Significant Variations Between Sectors in Previous Year

While municipal bond volume was essentially flat by par value in 2014, there were significant variations from sector to sector.

Education was down 5% and healthcare slipped 14%. On the other hand, general purpose was up 6%, utilities grew 15% and public facilities expanded 26%.

The sectors' relative strengths or weaknesses should be thought of in the context of the refundings that took place in the second half of the year due to falling interest rates, according to Citi senior municipal strategist George Friedlander.

The sectors that do long-duration, project-related issuances were where most of the refundings took place, he said.

This explanation helps to explain why utilities issuance was up, Friedlander said.

Most of it was refunding. Whereas overall issuance was up 3% in the third quarter and 30% in the fourth quarter, the figures for the utilities were 42% and 80%, respectively.

Bank of America Merrill Lynch head of municipal bond research Phil Fischer agreed that refundings were the explanation.

Education bonds usually have comparatively short maturities, making them unlikely to refund, which contributed to the sector's decline, he said.

"Many enterprise systems — water, sewer, electric, transportation — need infrastructure improvements that can't be deferred any longer," said Evercore director of municipal research Howard Cure.

"This could be driven by either government mandate, as in consent decrees by the federal government, to upgrade water or sewer systems, or a need to address neglected infrastructure before it becomes a safety hazard such as crumbling roadways and bridges," he explained.

The healthcare sector was down due to uncertainties connected with the Affordable Care Act and an excess of brick-and-mortar buildings due to an increasing emphasis on outpatient care, Friedlander said.

The excess of all these buildings was also connected with the large number of mergers that are continuing in the sector.

Many states have pulled back on education funding since 2010 said BMO Capital Markets managing director Justin Hoogendoorn.

Besides the shifts in sectoral issuance, in 2014 there were many sharp twists in the subsectors.

In the utilities sector, the gas subsector went up 720% by par value.

The substitution of natural gas for coal, which has been going on for a while, picked up pace in the year, Fischer said.

Much of this work required municipal bonds.

Also in utilities, state agencies issuance went up 95% and that of districts went up 64%.

By comparison, in the same sector issuance went down 67% in counties and parishes.

Friedlander tied this to the second half's refunding surge. Much of the utilities issuance from the counties and has short maturities and is unlikely to be refunded, he said.

In the public-facilities sector, stadium and sports complex issuance was up 218% in 2014.

There's an expanding interest in building public facilities to support public interest in sports, Fischer said. Refinancing may have been a factor in this growth, he added.

In the transportation sector, the toll roads, highways and streets subsector grew by 21%.
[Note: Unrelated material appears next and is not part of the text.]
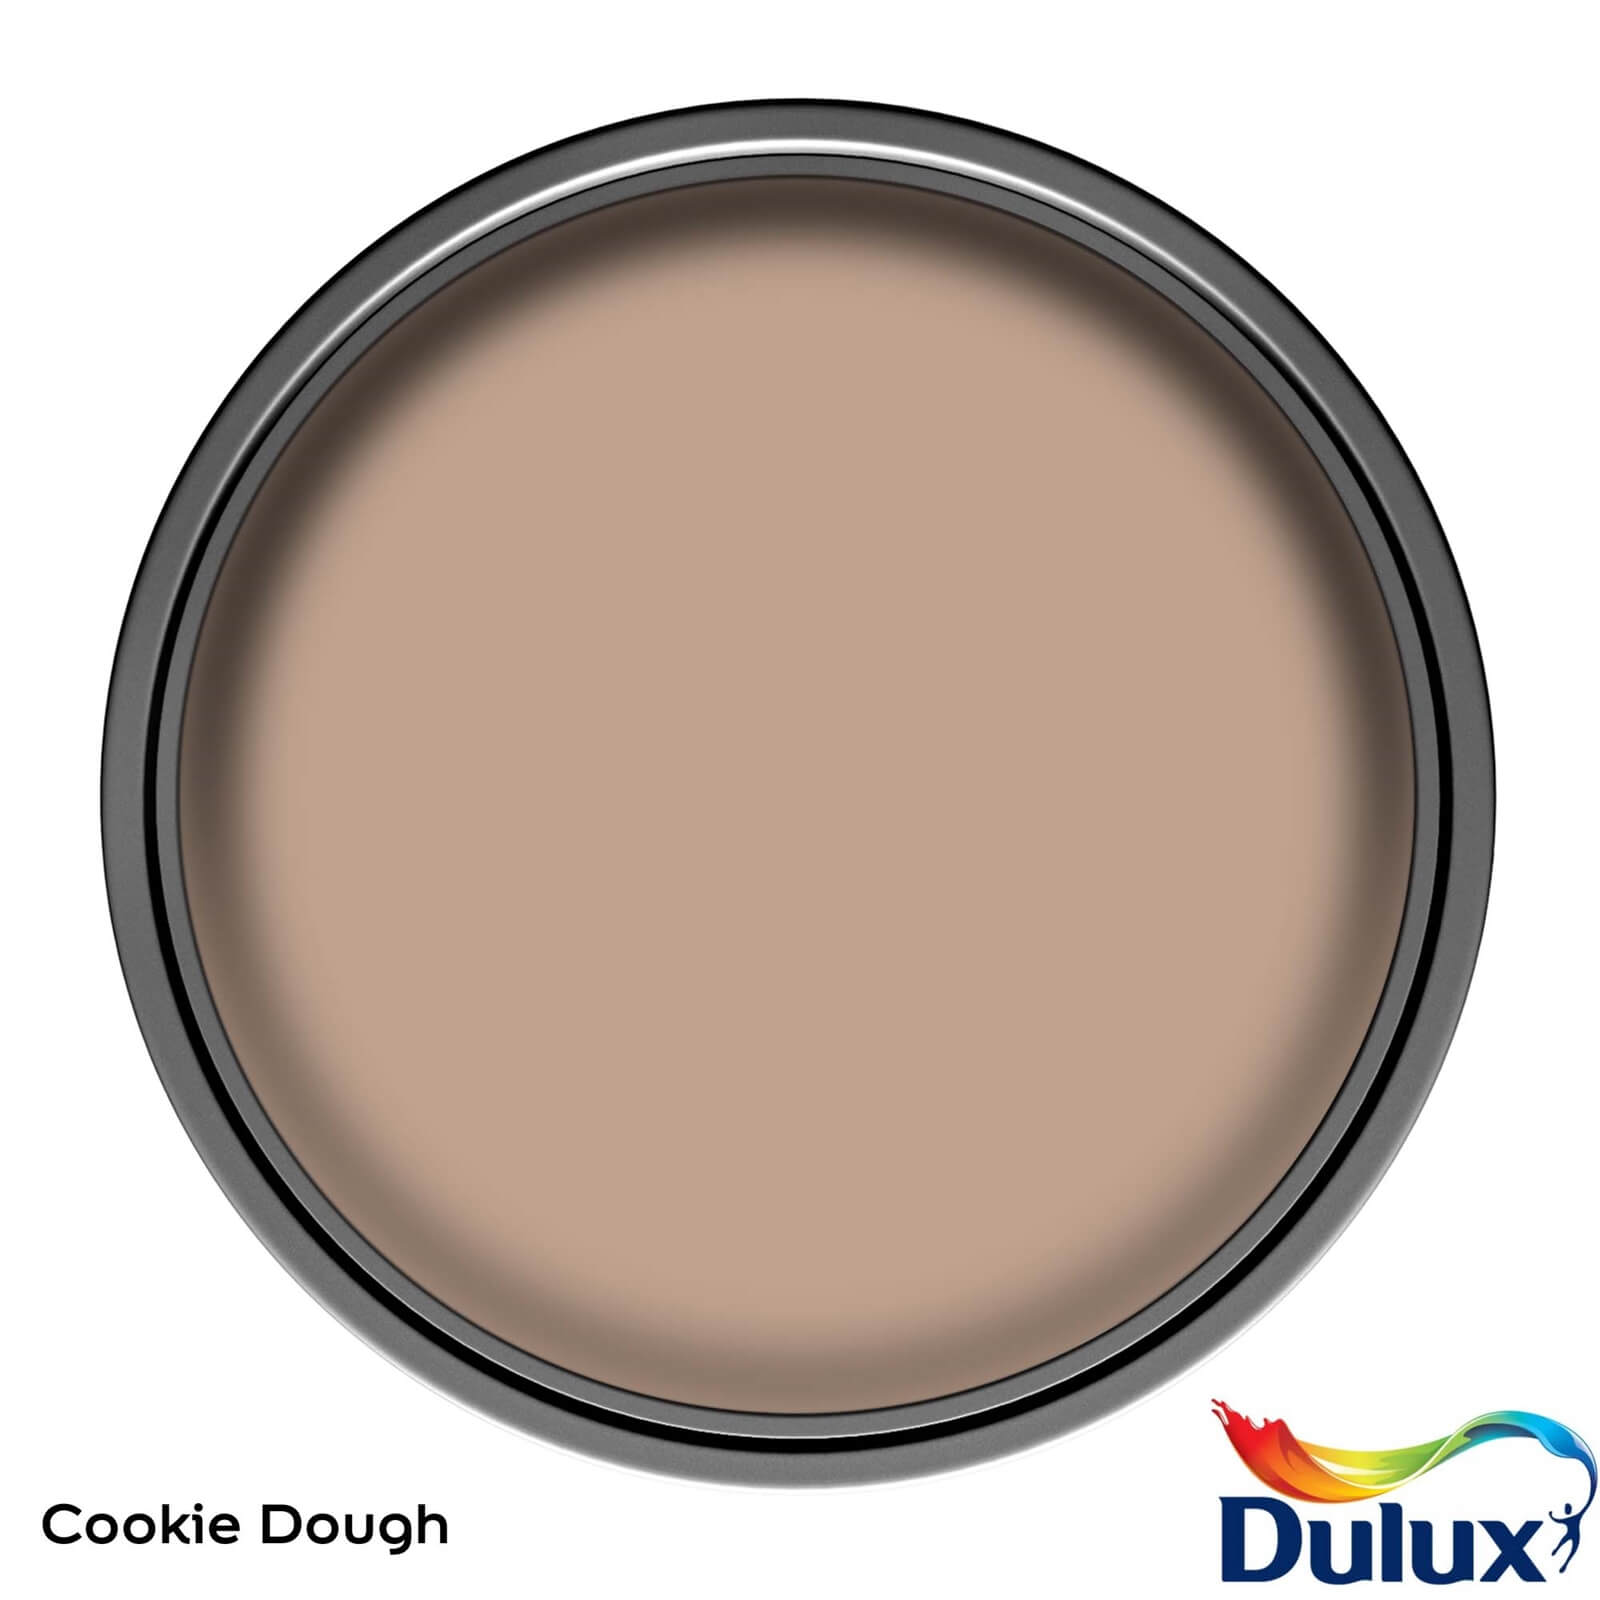 Dulux Once Cookie Dough - Matt Emulsion Paint - 2.5L

Since the transportation trust fund is driven by the federal fuel tax and is running a deficit, there is less money from the federal government for transportation, Cure noted.
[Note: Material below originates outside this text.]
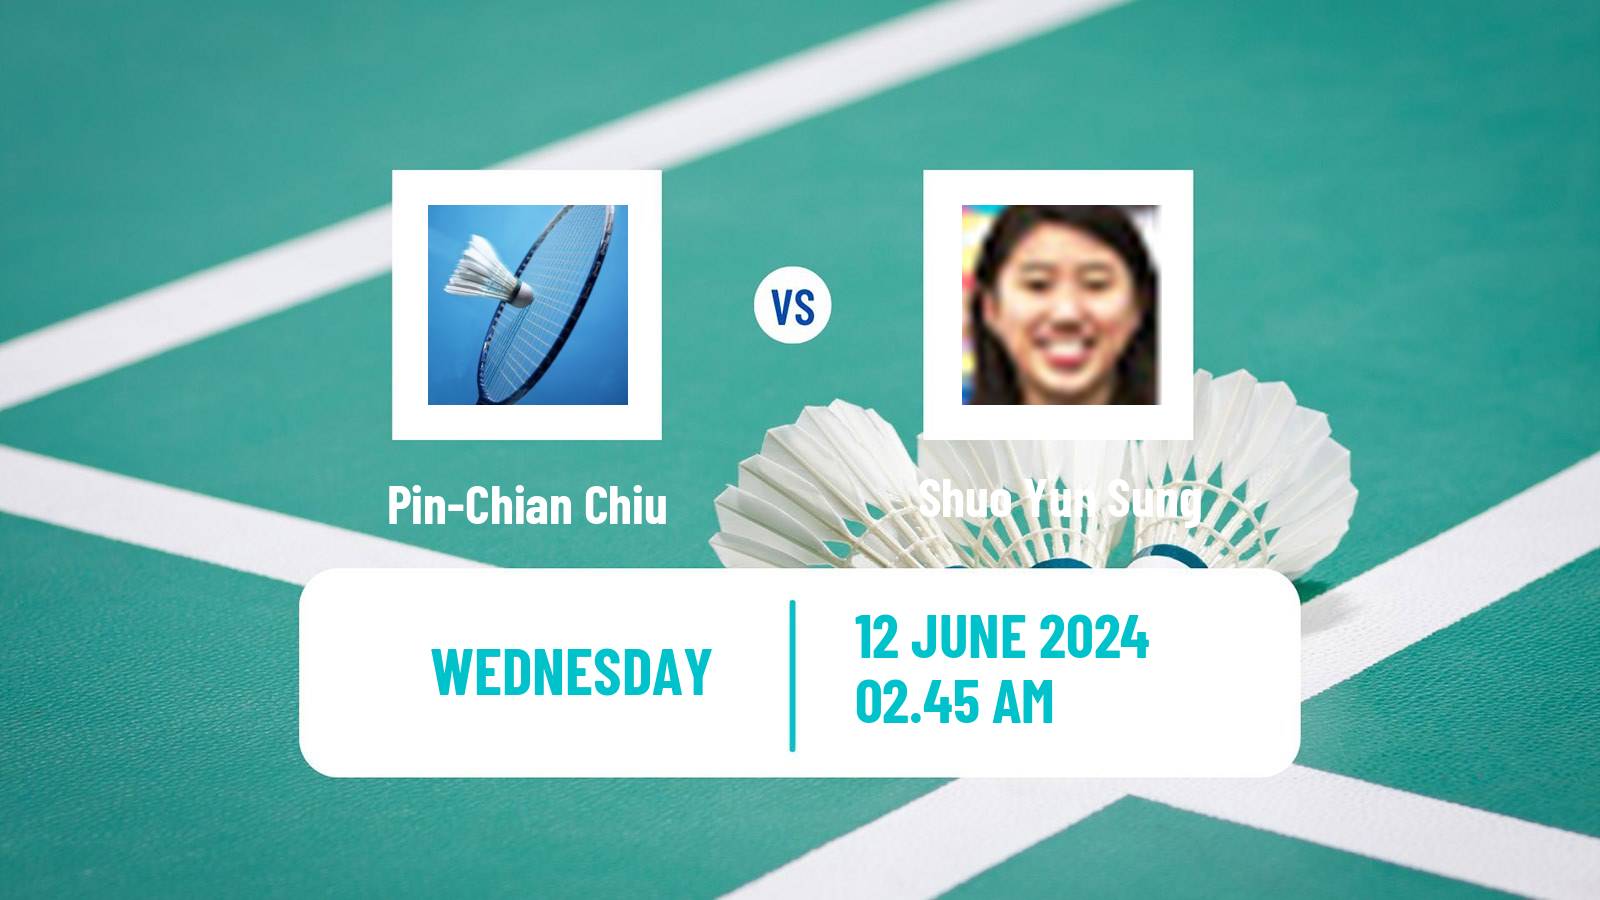 Badminton BWF World Tour Australian Open Women Pin-Chian Chiu - Shuo Yun Sung

"State and local governments resorted to debt financed by increases in various transportation-related taxes and fees," he said.

There have been several new toll projects that have just started, Friedlander said. States felt a little flusher with money and because of this, they did more highway financings. Finally, many toll road bonds have long maturities and were refunded.

Fischer had alternate explanations for the bond volume growth for toll roads, highways and streets. Public-private partnership activity is growing, he said. There is a great need for a variety of types of infrastructure and bonds provide three quarters of the finances for infrastructure.

Higher education issuance was down 21% since the sector is seeing fewer students enroll due to demographic and cost factors, Friedlander said.

"While colleges want improved facilities in order to compete, they have to weigh that against the continued pressure to balance financial operations, particularly where schools are increasing the amount of financial aid in order to fill seats," Cure said.

In the education sector, taxable issuance was down 61% in the year, compared to a decline of 30.7% for all municipal bonds. The overall decline was because munis' ratios to Treasuries were down, Fischer noted.

The universities' taxable issuance was down even more because they have greater than average flexibility about their issuance, he said.

Finally, in the education sector, district issuance was up 18% by par value and nearly 4% by number of issues, even as par value and number of issues were down in the education sector. Friedlander said school districts were replacing obsolete schools for kindergarten to 12th grade schools.